Institute of Epidemiology & Health Care



  • “You, Me and the Big D”. This project is a participatory study exploring retirement community residents’ views of dementia before and after attending training by the Alzheimer’s Society. It will be carried out in Whiteley Village by four village researchers with support from Rachael Frost and Alison Armstrong at the Whiteley Foundation for Ageing Well. It is funded by the British Society of Gerontology Averil Osborn Award





  • Empowering Better End of Life Dementia Care (EMBED-Care) Programme”.  This study will generate a step-change in how care is provided for people with dementia which aims to spark public conversation on dying with dementia, engage the public in the work by combining art and science and develop a new tool to maximise quality of life (QoL) and meet individual needs, regardless of age or type of dementia. Qualitative methods including interviews, focus groups and co-design methods will be used throughout the programme of work. This work is led by Elizabeth Sampson at UCL and supported by Nathan Davies as a co-investigator. It is funded by the NIHR and ESRC and is the largest grant ever funded for dementia and end of life care.



  • “Exploring working relationships between primary care and directly employed home care workers”. This study is exploring relationships between directly employed home care workers, community nurses, general practitioners and community-based allied health professionals by extensive use of interviews. Based on the findings we will make recommendations about good practice in care co-ordination, communications and information sharing. This is a collaborative study with the Health and Social Care Workforce Unit at King’s College London and Jane Wilcock and Steve Iliffe at UCL and funded by the Dunhill Medical Trust.


  • PriDem. A study of different ways of providing support through primary care to people with dementia and their families after diagnosis which will review existing services, identify best practice and use this to develop and test new models of support. The study will use extensive patient and public involvement, focus groups, co-design, interviews and process evaluation methods. Jane Wilcock and Rachael Frost work on this study which is funded by The Alzheimer’s Society UK and is beingis conducted at the Centre for Excellence in Newcastle and UCL.

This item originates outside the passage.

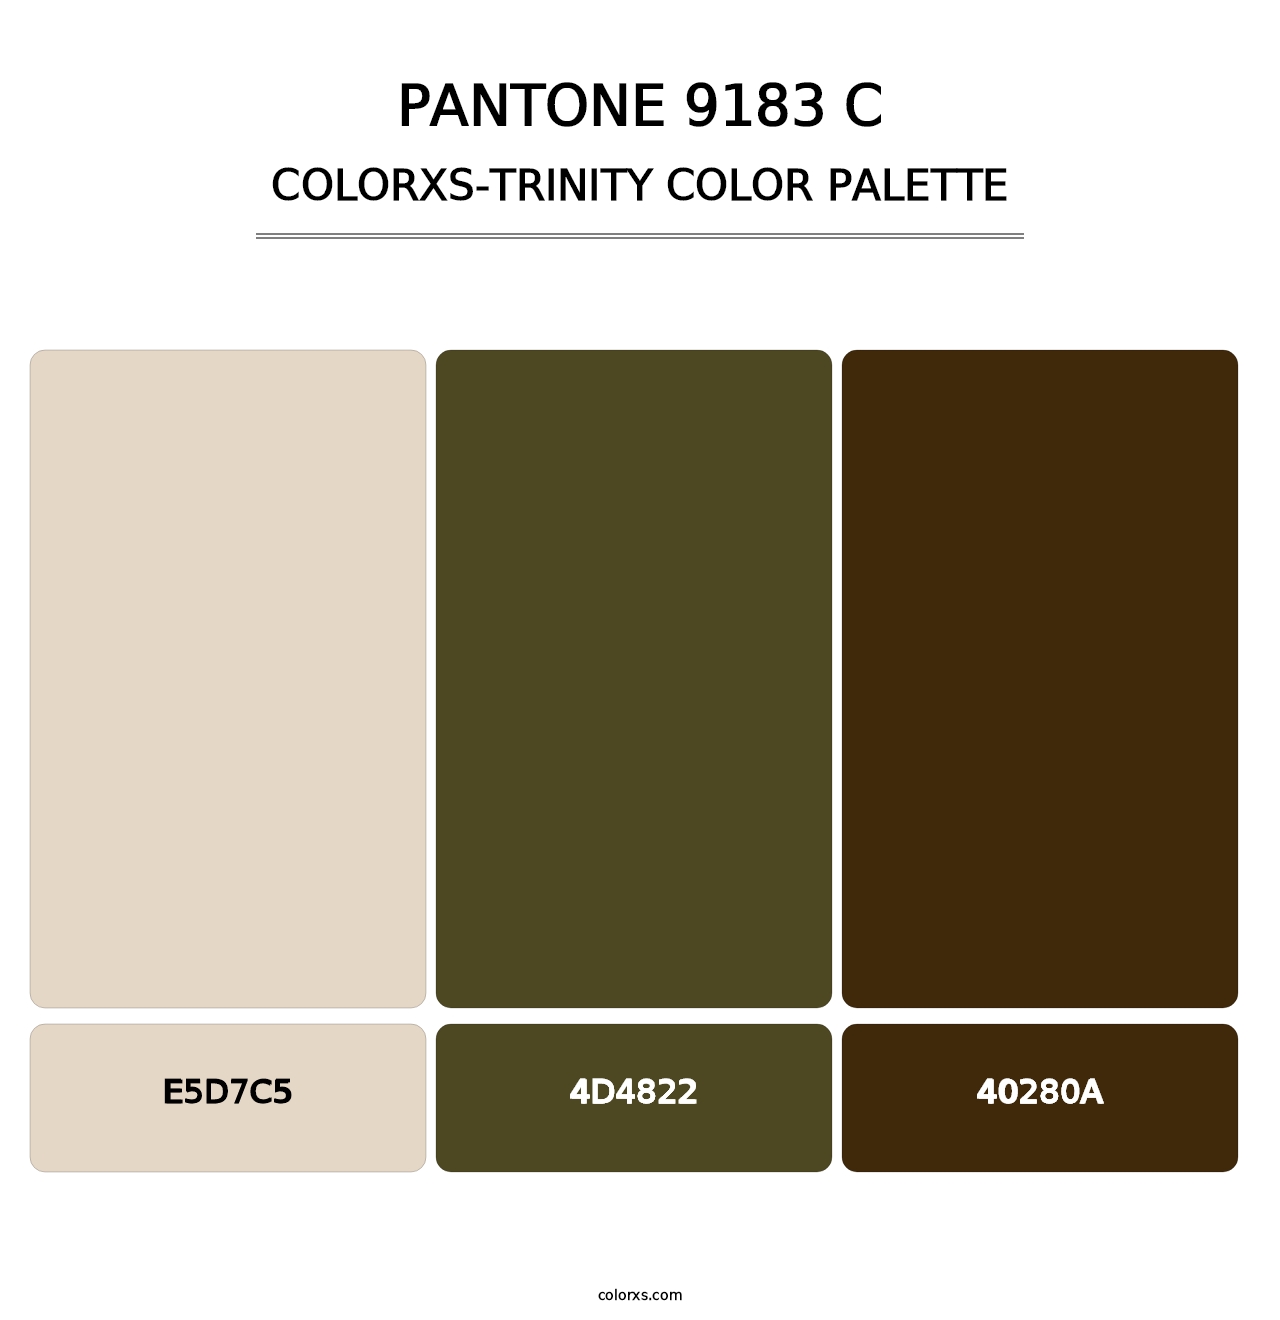 PANTONE 9183 C - Colorxs Trinity Palette
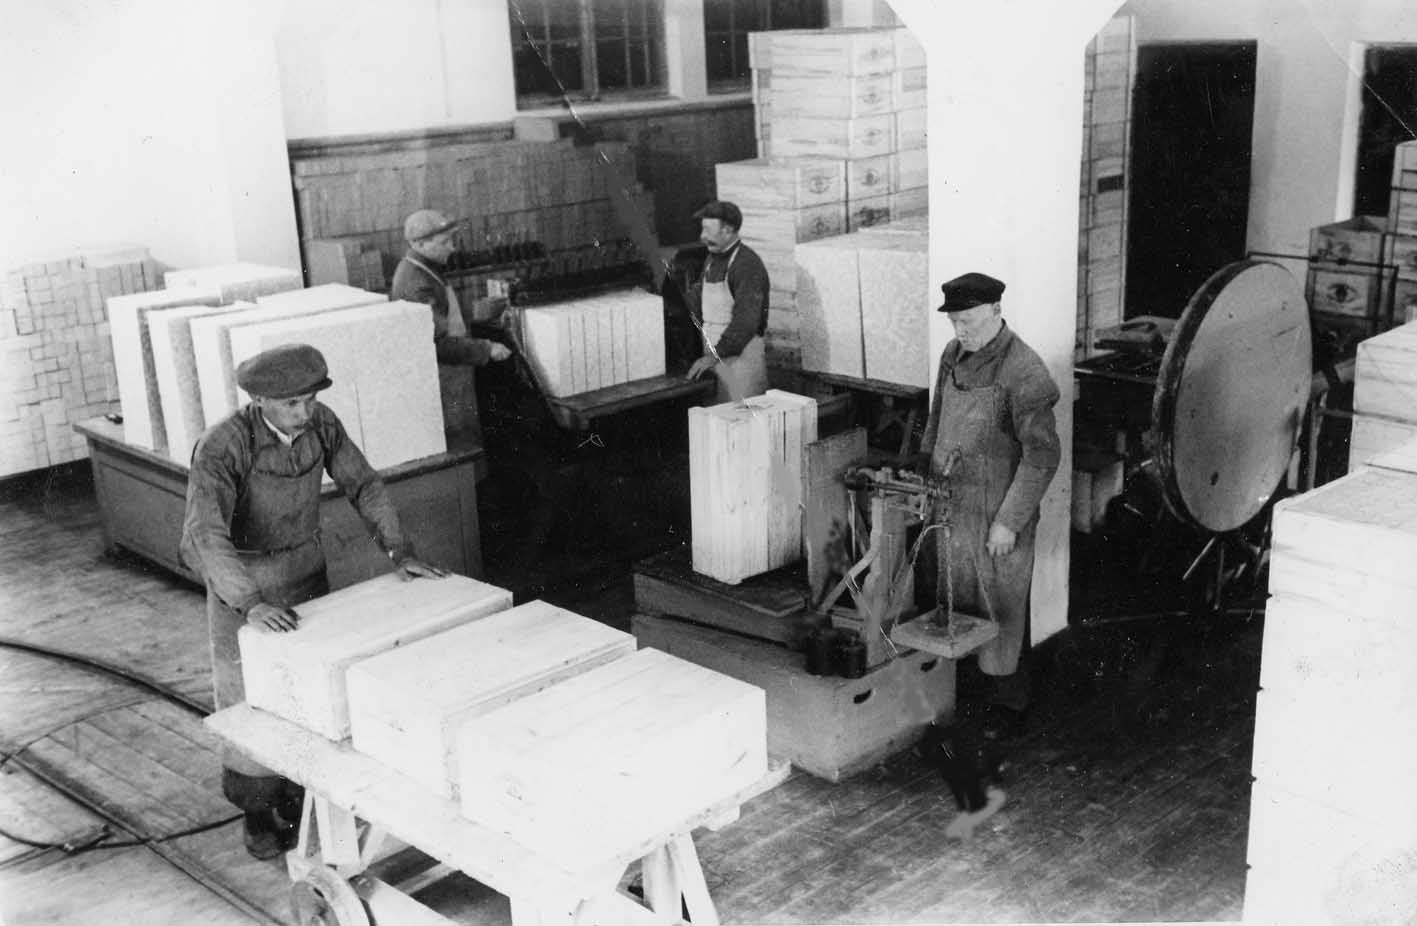 Packaging of soap in a. Frederking soap factory in Tartu in 1939.

  • Co-designing dementia diagnosis and post-diagnostic care (COGNISANCE)”. This international study aims to co-design and deliver in partnership with people with dementia, family care partners and health care professionals, toolkits and campaigns to improve the dementia diagnostic process and post-diagnostic support in Australia, Canada, the Netherlands, the UK and Poland; and to evaluate the campaigns. Work packages include: exploring through focus groups current experiences, barriers and facilitators to dementia diagnosis and post-diagnosis support from the perspectives of persons with dementia, care partners and health care professionals; the co-development of internationally-applicable toolkits supporting guideline implementation for the at-risk public and health care professionals; and development of an implementation playbook outlining how to deliver similar campaigns in other countries. Jane Wilcock and Professor Greta Rait at UCL work on the UK team of this study which is funded by the Joint Programme Neurodegenerative Disease.